When computing the members of C[Int], it considers the two foos to overlap and picks one over the other. This happens in:

      at dotty.tools.dotc.core.Denotations$DenotUnion.matches(Denotations.scala:970)
      at dotty.tools.dotc.core.Denotations$SingleDenotation.filterDisjoint(Denotations.scala:817)
      at dotty.tools.dotc.core.Denotations$SingleDenotation.mapInherited(Denotations.scala:821)
      at dotty.tools.dotc.core.Denotations$SingleDenotation.mapInherited(Denotations.scala:457)
      at dotty.tools.dotc.core.SymDenotations$ClassDenotation$$anonfun$computeNPMembersNamed$1.collect$1(SymDenotations.scala:1578)
      at dotty.tools.dotc.core.SymDenotations$ClassDenotation$$anonfun$computeNPMembersNamed$1.apply(SymDenotations.scala:1586)

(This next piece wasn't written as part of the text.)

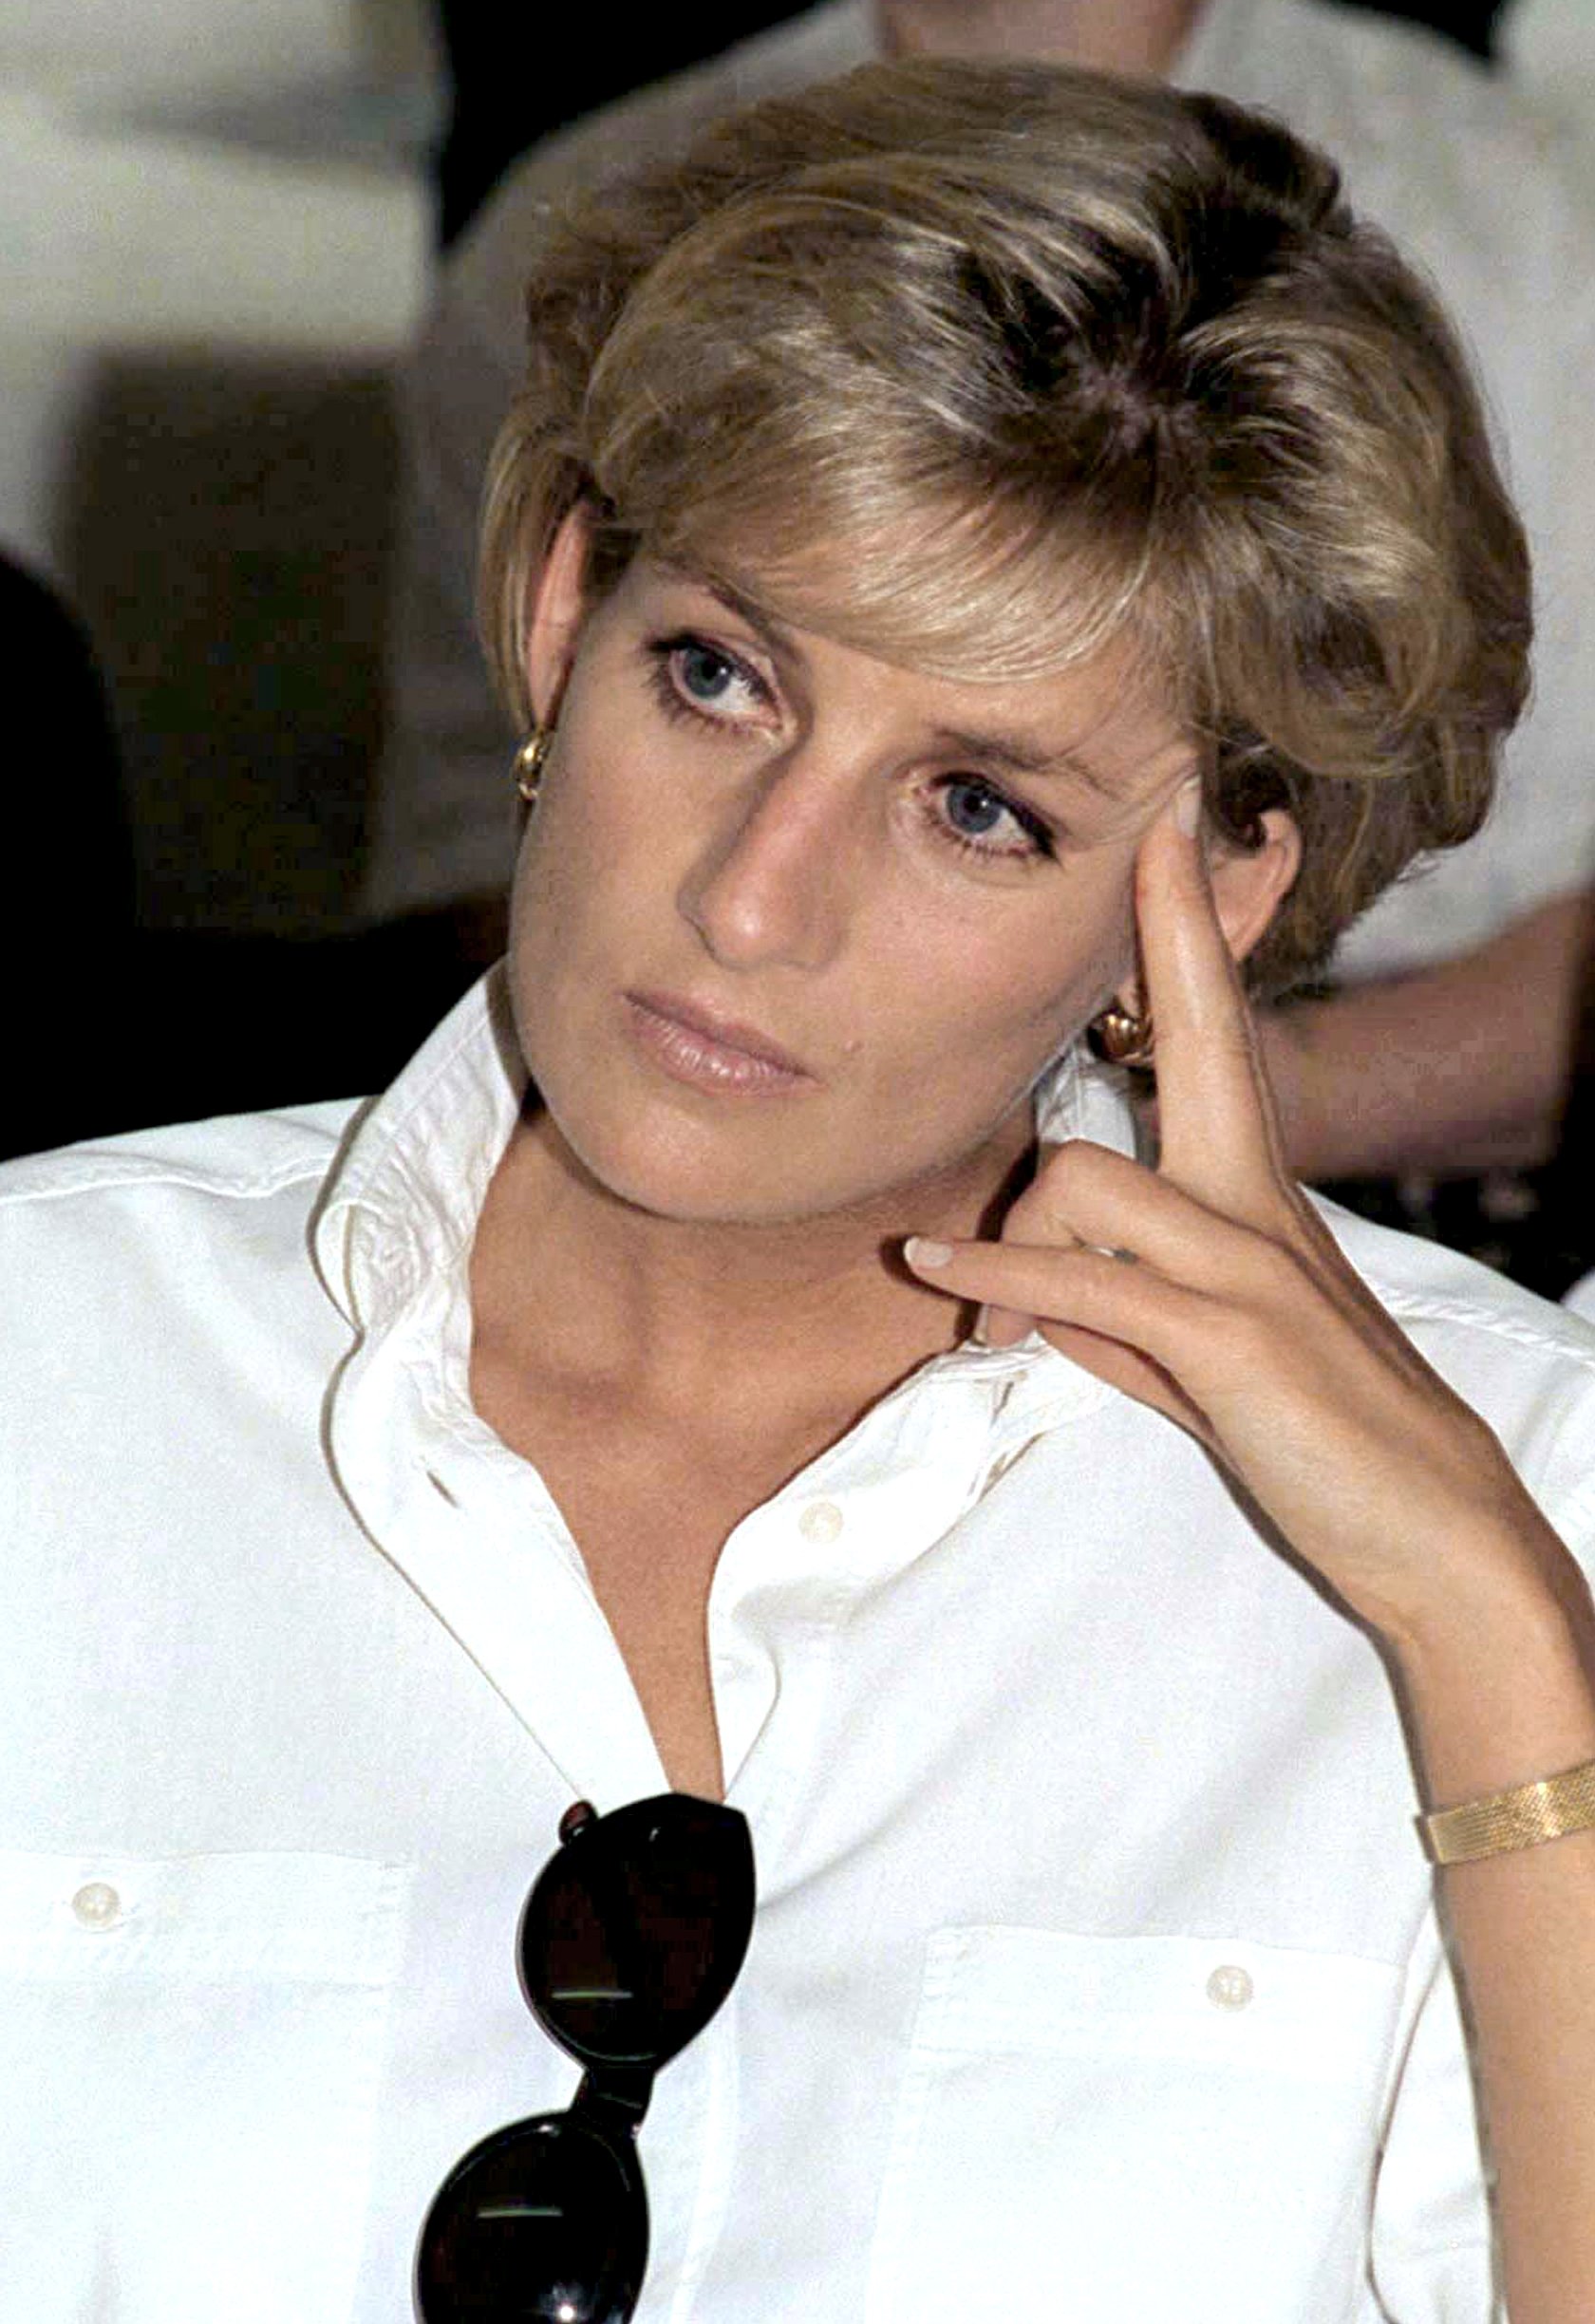 Princess Diana wearing a white collared shirt accessorized with sunglasses in Angola

      at dotty.tools.dotc.core.SymDenotations$ClassDenotation$$anonfun$computeNPMembersNamed$1.apply(SymDenotations.scala:1563)
      at dotty.tools.dotc.util.Stats$.track(Stats.scala:36)
      at dotty.tools.dotc.core.SymDenotations$ClassDenotation.computeNPMembersNamed(SymDenotations.scala:1562)
      at dotty.tools.dotc.core.SymDenotations$ClassDenotation.nonPrivateMembersNamed(SymDenotations.scala:1552)
      at dotty.tools.dotc.core.SymDenotations$ClassDenotation.membersNamed(SymDenotations.scala:1539)
      at dotty.tools.dotc.core.SymDenotations$ClassDenotation.findMember(SymDenotations.scala:1591)

I remember discussing this on a previous dotty ticket or PR, but I can't find it at the moment.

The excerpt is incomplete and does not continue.